使用临时实例的const正确性

Question

Here is the example of the "scoped lock" idiom with common mistake: no local variable is created, so lock is not in effect. This code compiles flawlessly both with VC++ 2010 and Comeau C++ online:

class Mutex
{
public:
    void lock() {}
};

class ScopedLock
{
public:
    ScopedLock() : m_pm(0) {}
    ScopedLock(Mutex& m) : m_pm(&m) { m_pm->lock(); }

private:
    Mutex* m_pm;

private:
    ScopedLock& operator =(const ScopedLock&);
    ScopedLock(const ScopedLock&);
};

class X
{
public:
    void foo() const
    {
        ScopedLock(m_mutex);
    }

private:
    Mutex m_mutex;
};


int main()
{
    X x1;
    x1.foo();
}

If default constructor for ScopedLock is commented out, then both compilers give an error:

error C2512: 'ScopedLock' : no appropriate default constructor available

(When ScopedLock used correctly, ie local variable is created: ScopedLock guard(m_mutex); , then compilation fails as expected. Declaring m_mutex as mutable fixes the problem.)

I have two questions:

1. Why X::foo compiles? It seems that compiler was able to cast const Mutex& to Mutex& somehow.

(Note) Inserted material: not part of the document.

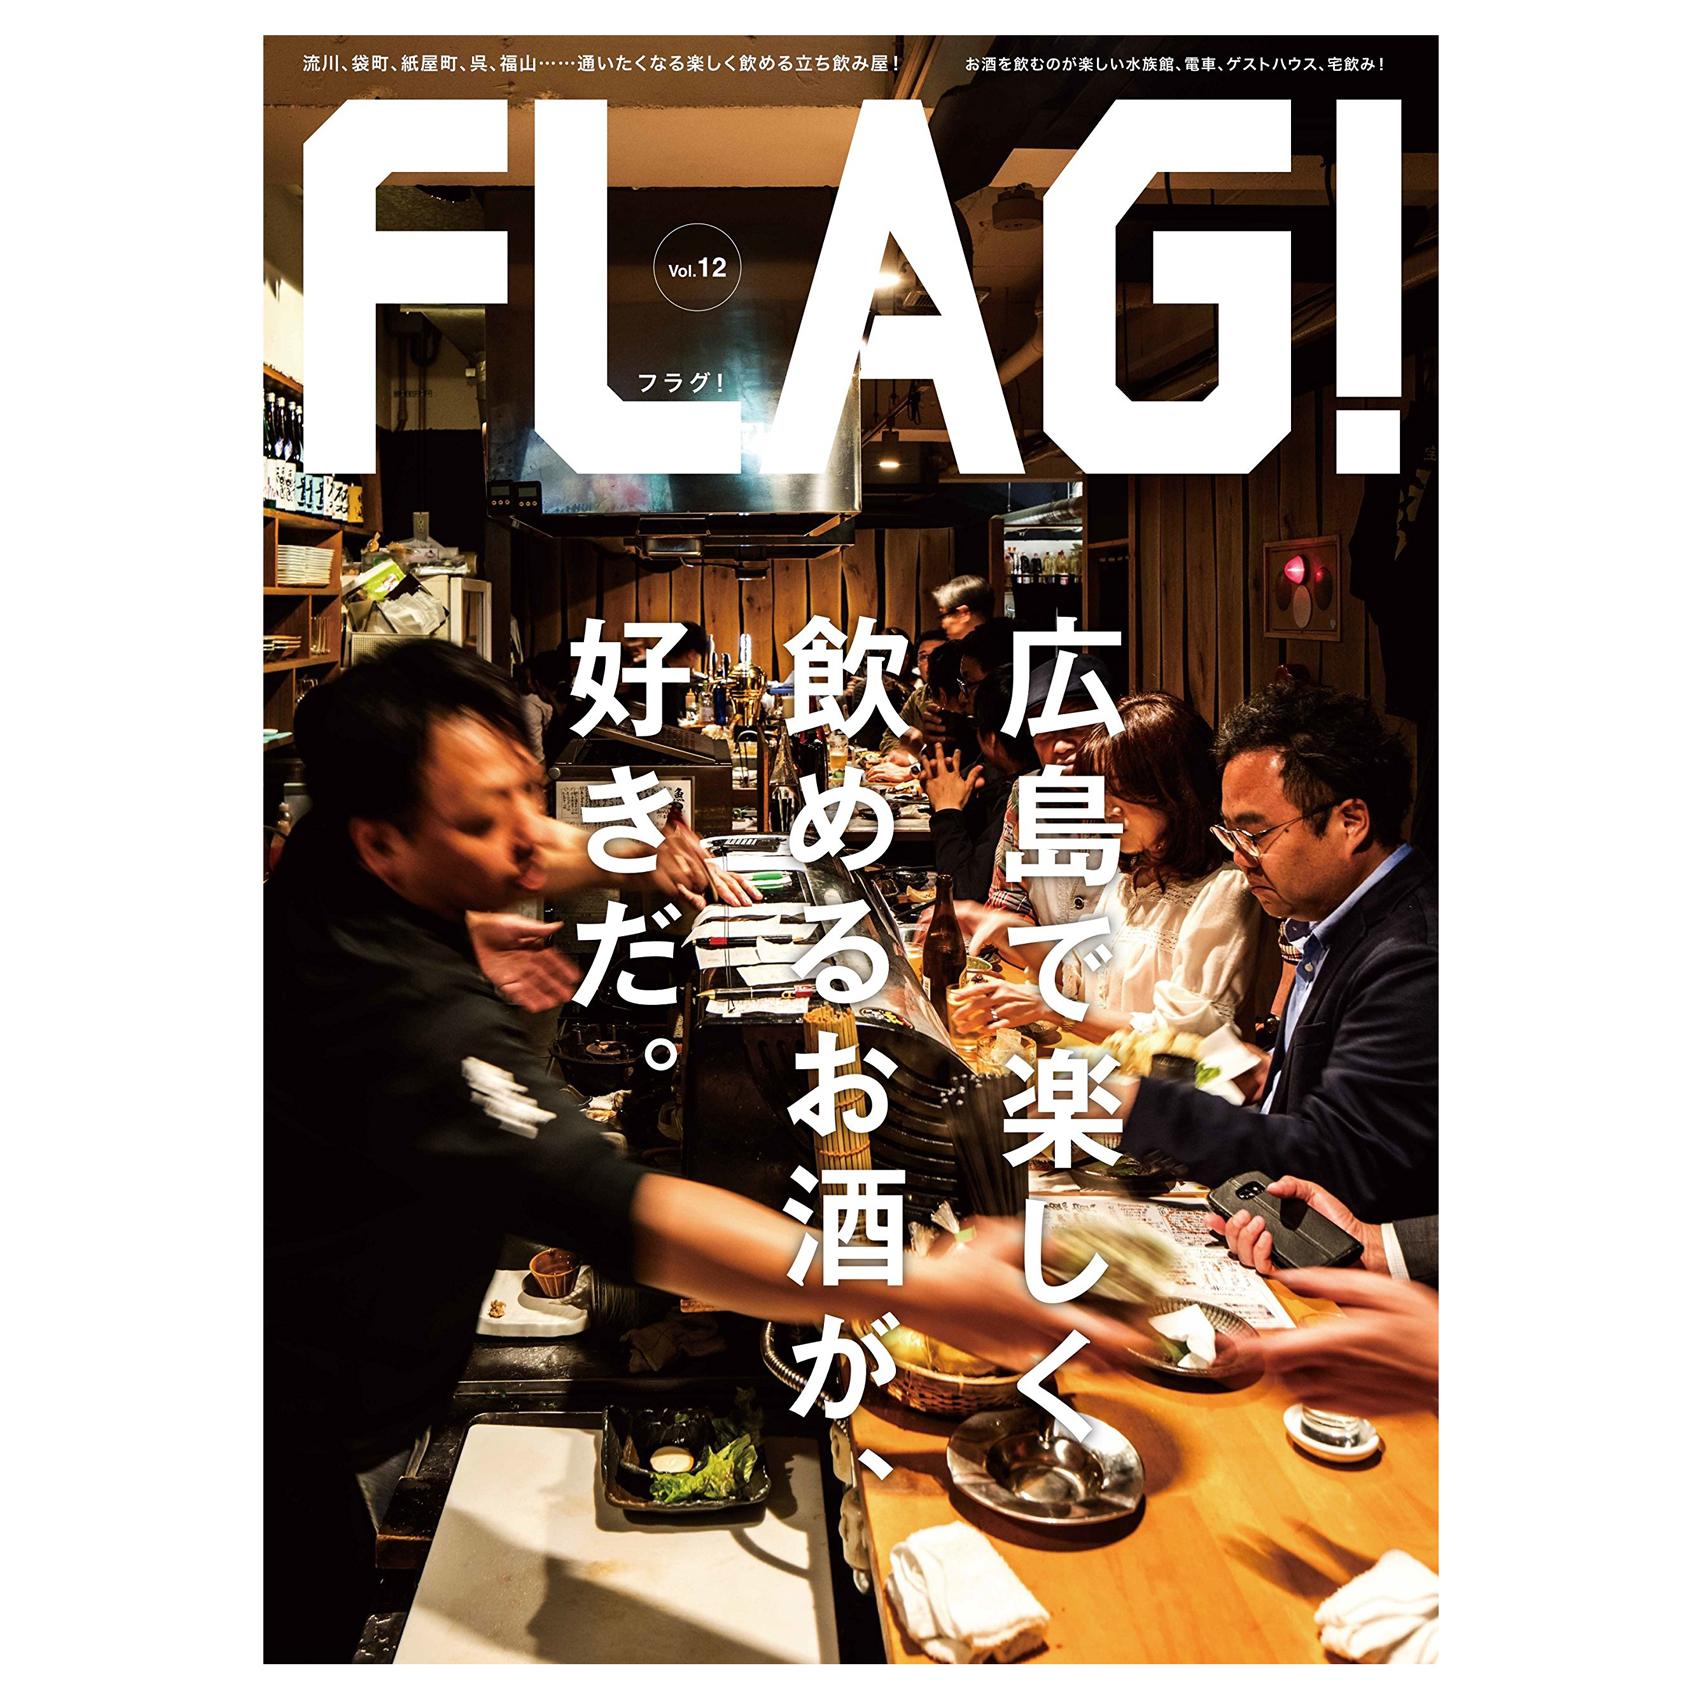 flag12cropped.jpg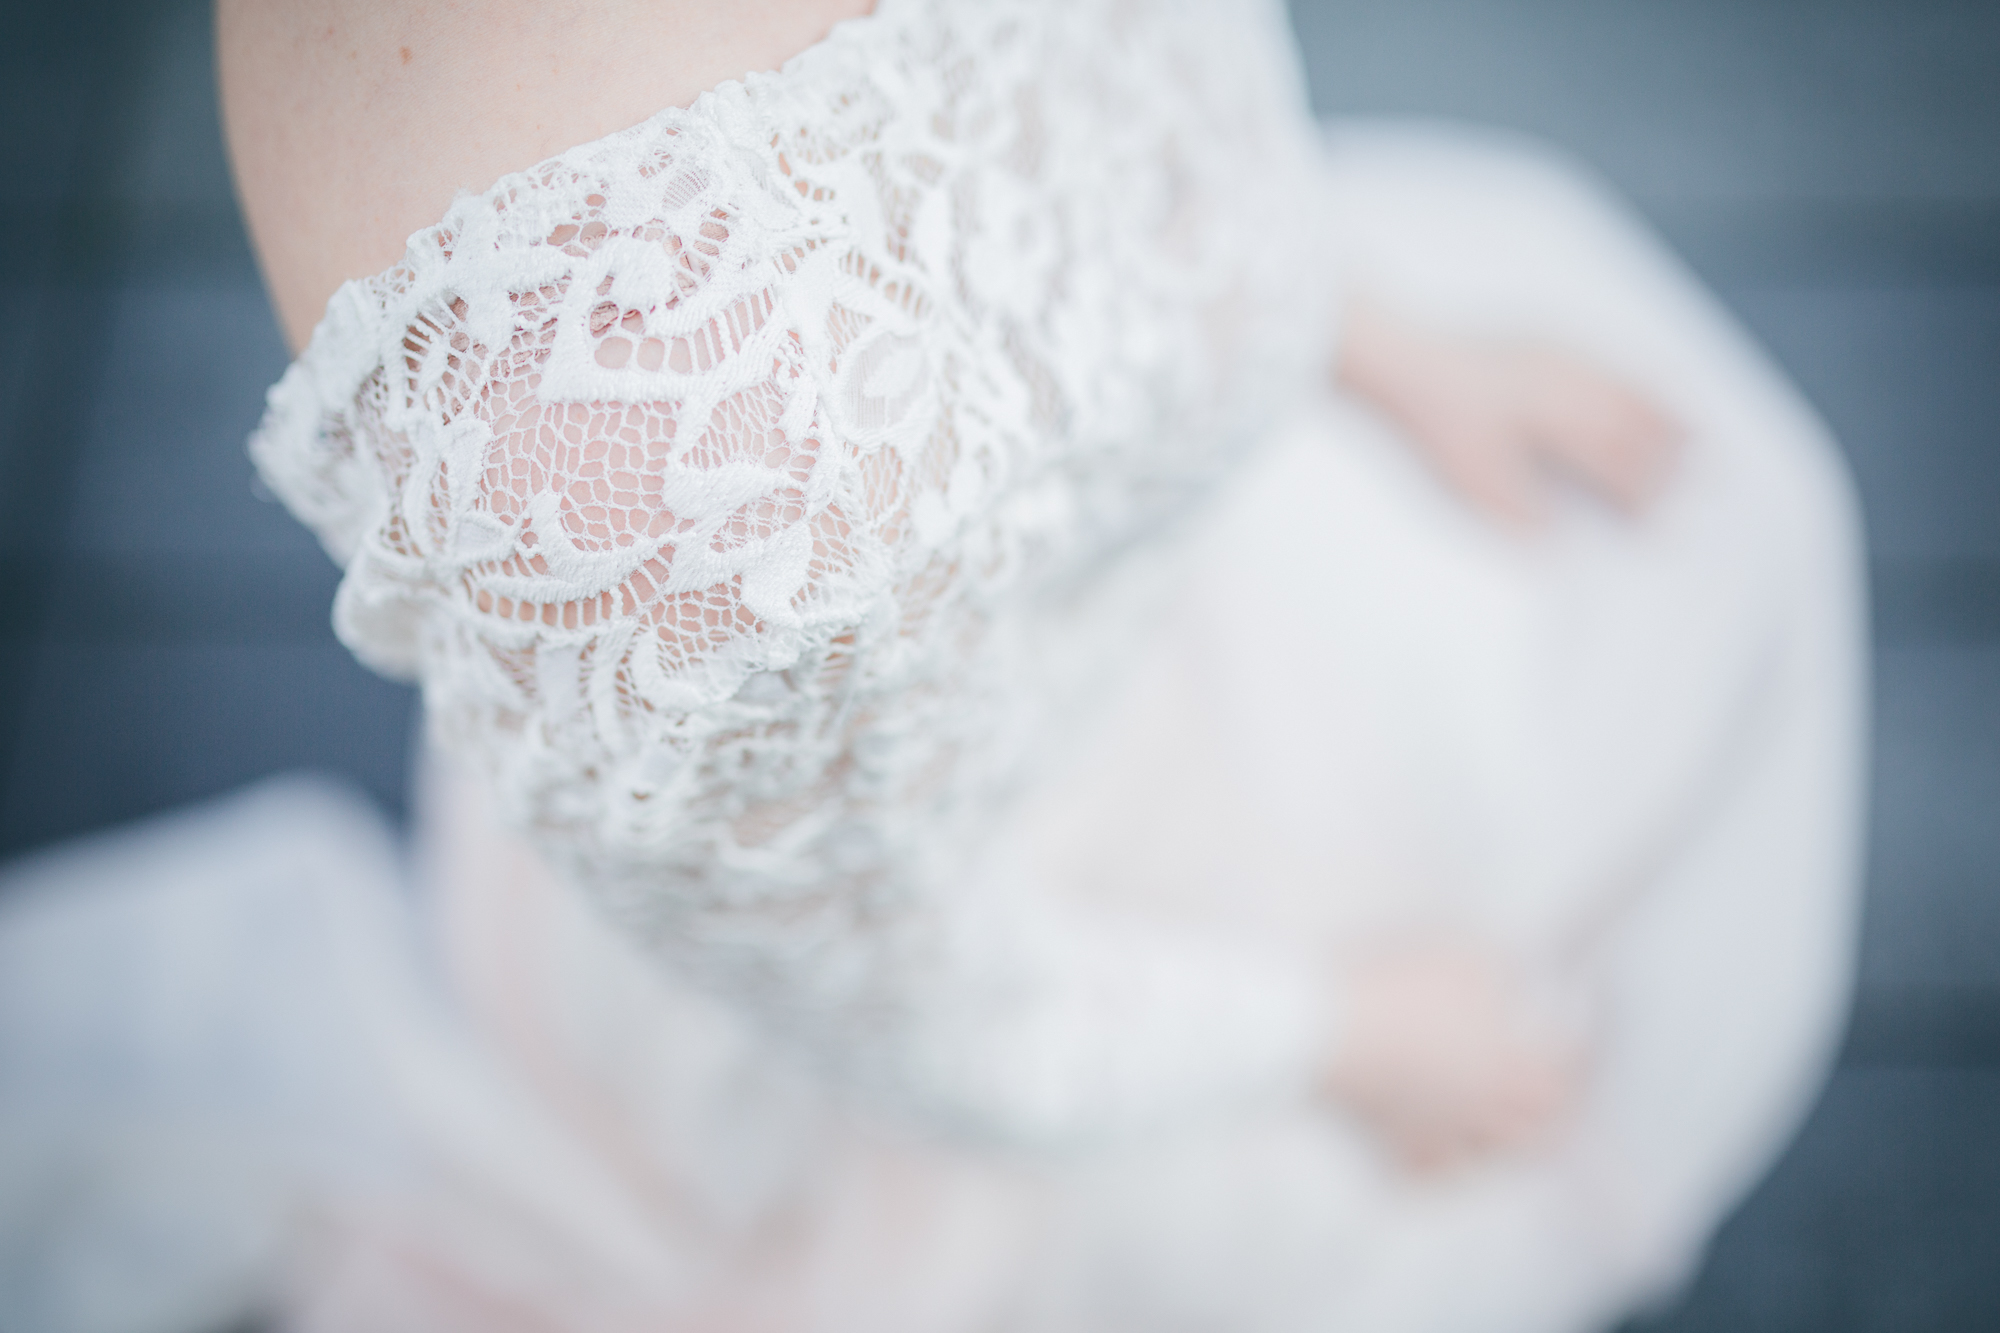 weddingphotographer_lindarehlin_preweddingphoto_london_SensibleM-96.jpg

2. What role plays ScopedLock default constructor, so the compilation succeeds?

Thanks.

Update: I found the answer. It appears that ScopedLock(m_mutex); statement creates a local variable m_mutex of type ScopedLock . Not a temporary. That's why ScopedLock::ScopedLock default constructor is required.

Answer 1

You answered the question yourself.

It appears that ScopedLock(m_mutex); statement creates a local variable m_mutex of type ScopedLock

The explanation is to be found in the Standard's Section 6.8 Ambiguity Resolution:

There is an ambiguity in the grammar involving expression-statements and declarations: An expression-statement with a function-style explicit type conversion [5.2.3] as its leftmost subexpression can be indistinguishable from a declaration where the first declarator starts with a (. In those cases the statement is a declaration .

The Standard then lists T(a); as an example of a statement that is really a declaration. It is equivalent to T a;

This is one variation of the infamous C++ "most vexing parse".

Answer 2

I'm pretty sure your problem is line 26: ScopedLock(m_mutex);

Instead, that should be something like ScopedLock a_variable_name(m_mutex);

When I make that change, I get the expected errors:

constCorrectness.cpp: In member function ‘void X::foo() const’:
constCorrectness.cpp:26: error: no matching function for call to ‘ScopedLock::ScopedLock(const Mutex&)’
constCorrectness.cpp:18: note: candidates are: ScopedLock::ScopedLock(const ScopedLock&)
constCorrectness.cpp:11: note:                 ScopedLock::ScopedLock(Mutex&)
constCorrectness.cpp:10: note:                 ScopedLock::ScopedLock()

Perhaps somebody can interpret ScopedLock(m_mutex) for us? Does it declare a function or something? Instead of calling a constructor as expected by the questioner? Update: Striking this out. I think it's just a variable declaration (ie the brackets are ignored.)

Answer 3

The problem is that the X::foo() method is declared as const - that means that it will not mutate (change) the object.

The ScopedLock() constructor doesn't have a overload that accepts a immutable (const) reference to a Mutex object.

Fixing this requires you declare m_mutex as mutable, or provide an appropriate overloaded ScopedLock() constructor. I'm thinking the former is preferable.